Your task is to repeat the lines below exactly, excluding any pictures they contain.

Source data: Begin

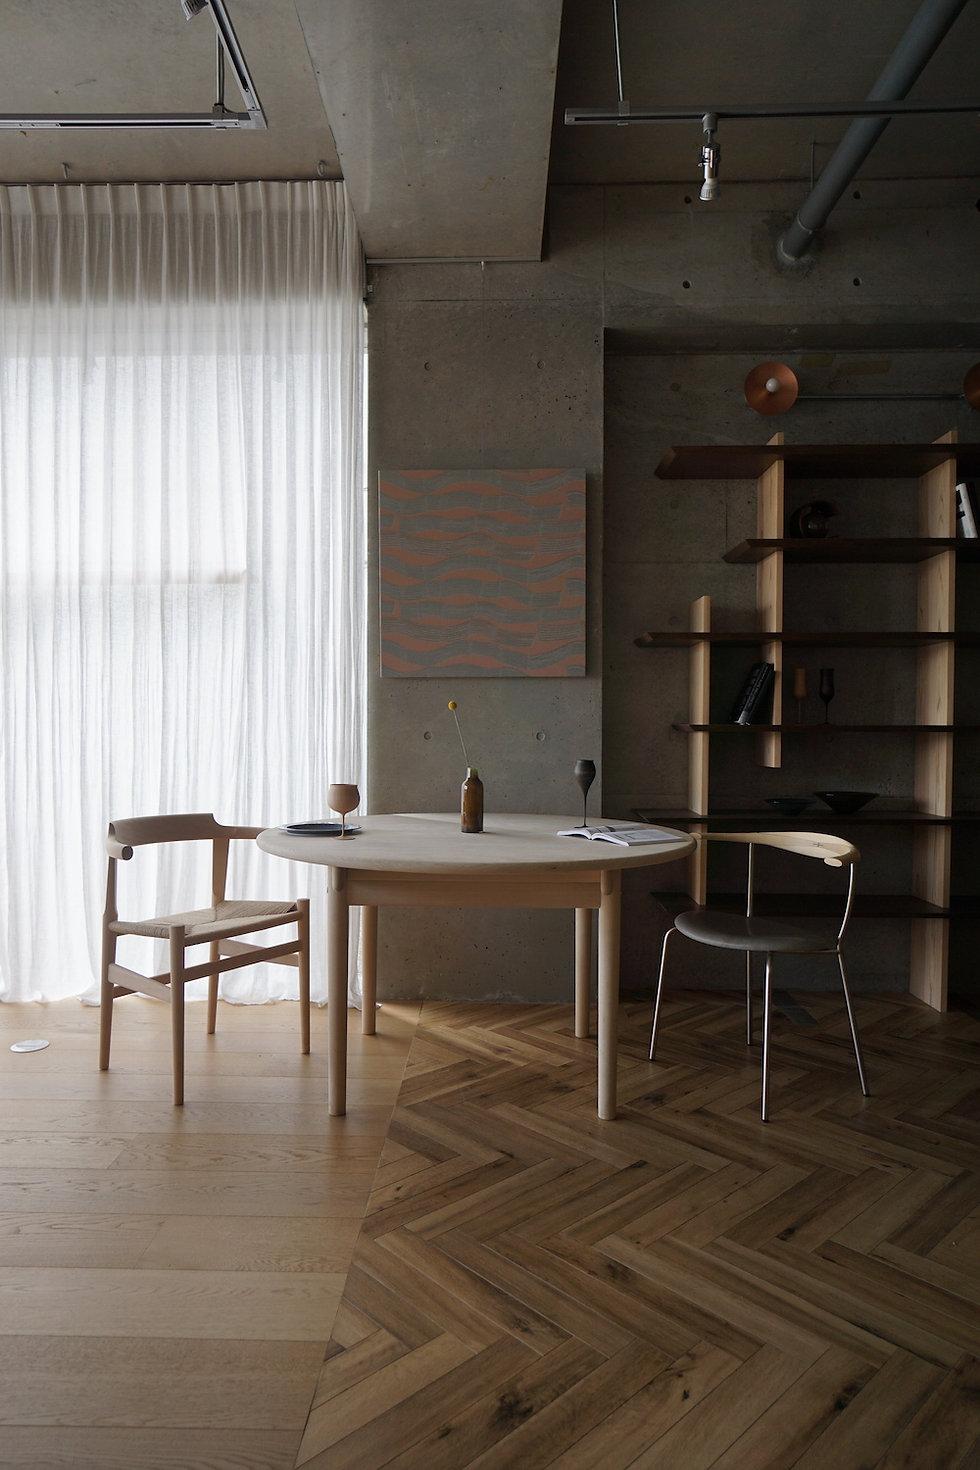 COKUの取扱家具の紹介、PPMoblerのテーブルと椅子をコーディネート
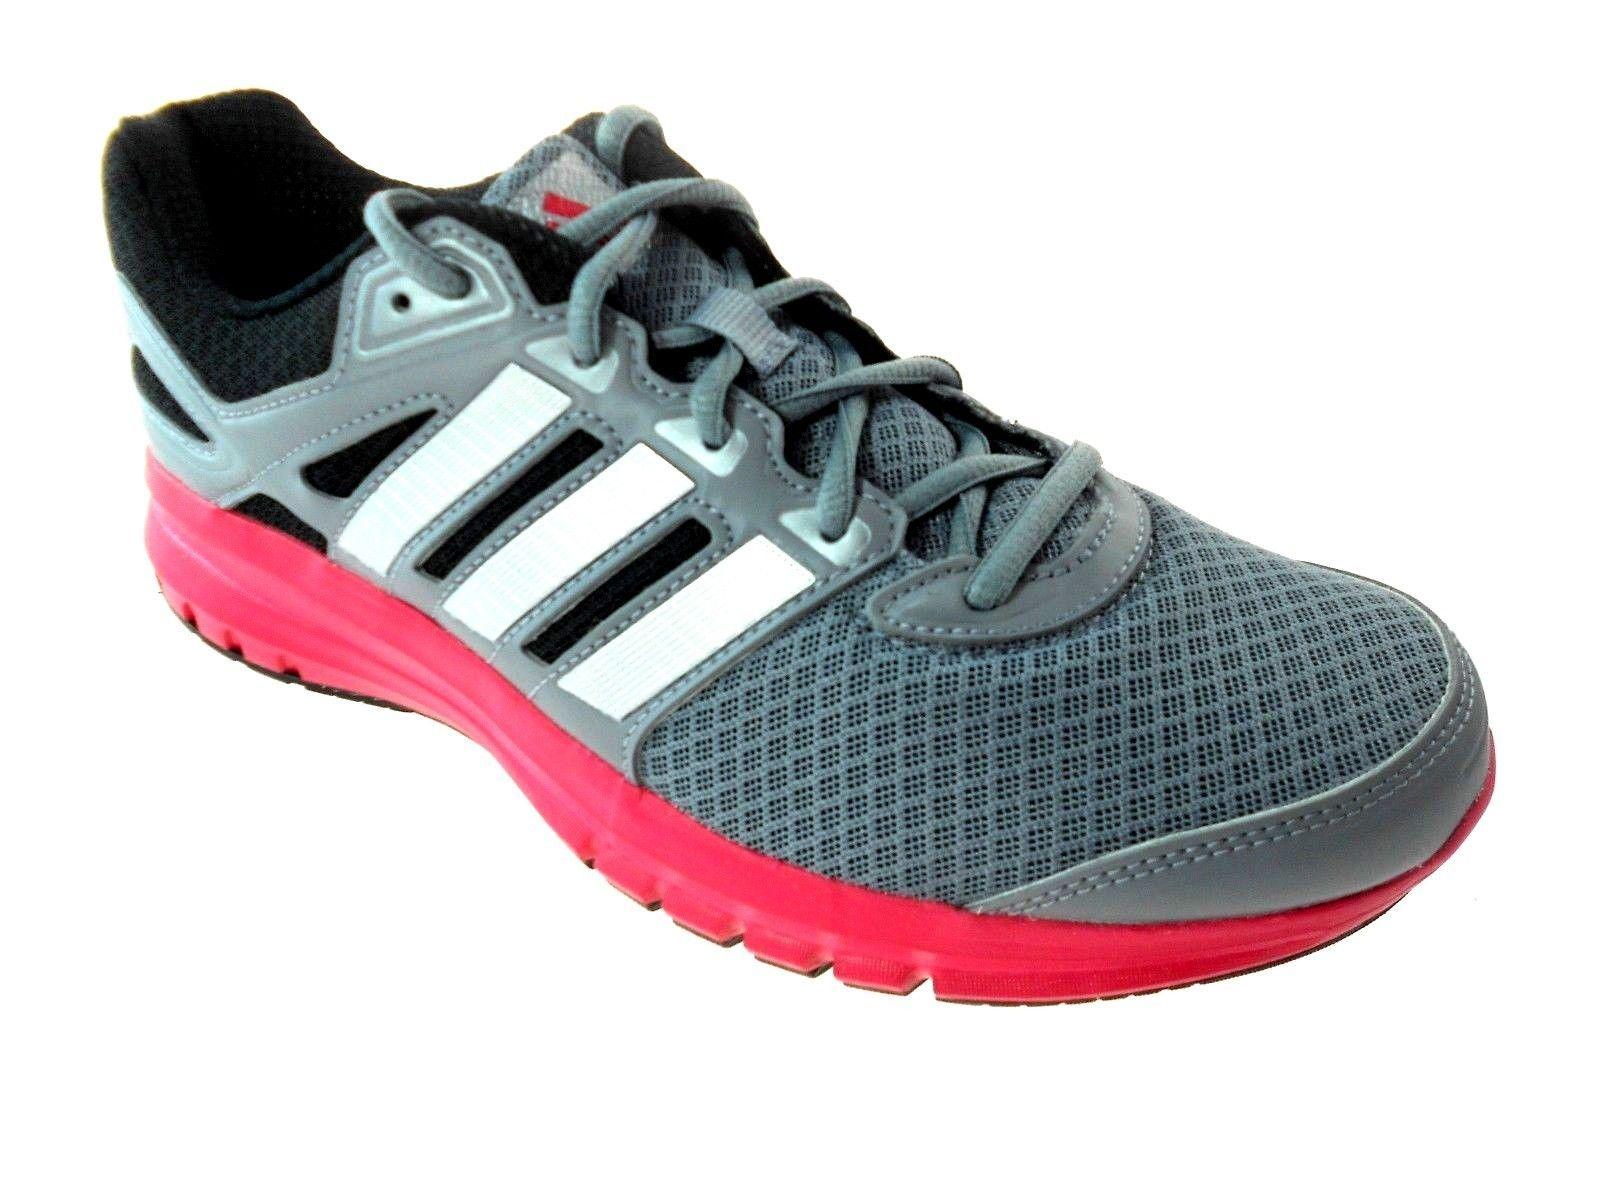 Adidas duramo 6 w le donne è grigio / nero correre e 47 oggetti simili
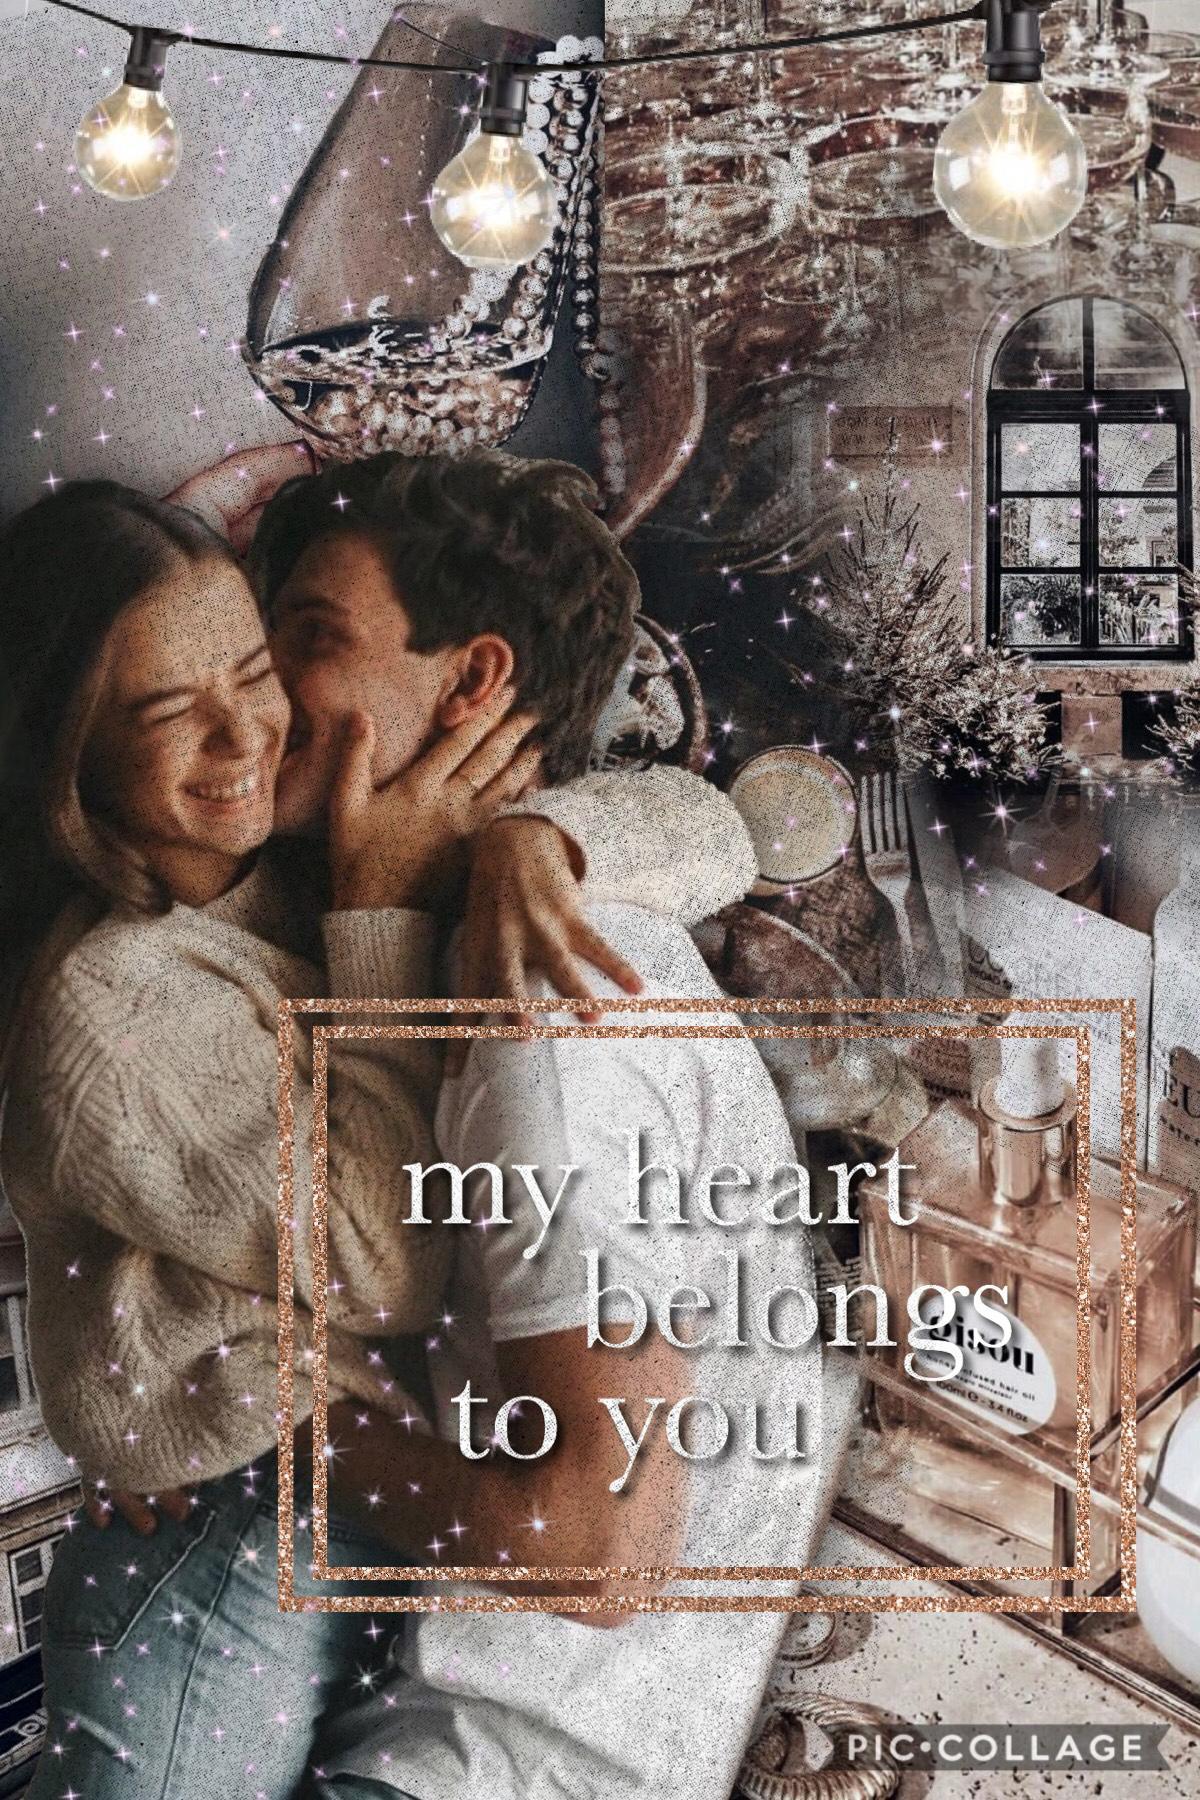 My heart belongs to you💖

Source data: End

Answer to this task:
 COKUの取扱家具の紹介、PPMoblerのテーブルと椅子をコーディネート
 Adidas duramo 6 w le donne è grigio / nero correre e 47 oggetti simili
 My heart belongs to you💖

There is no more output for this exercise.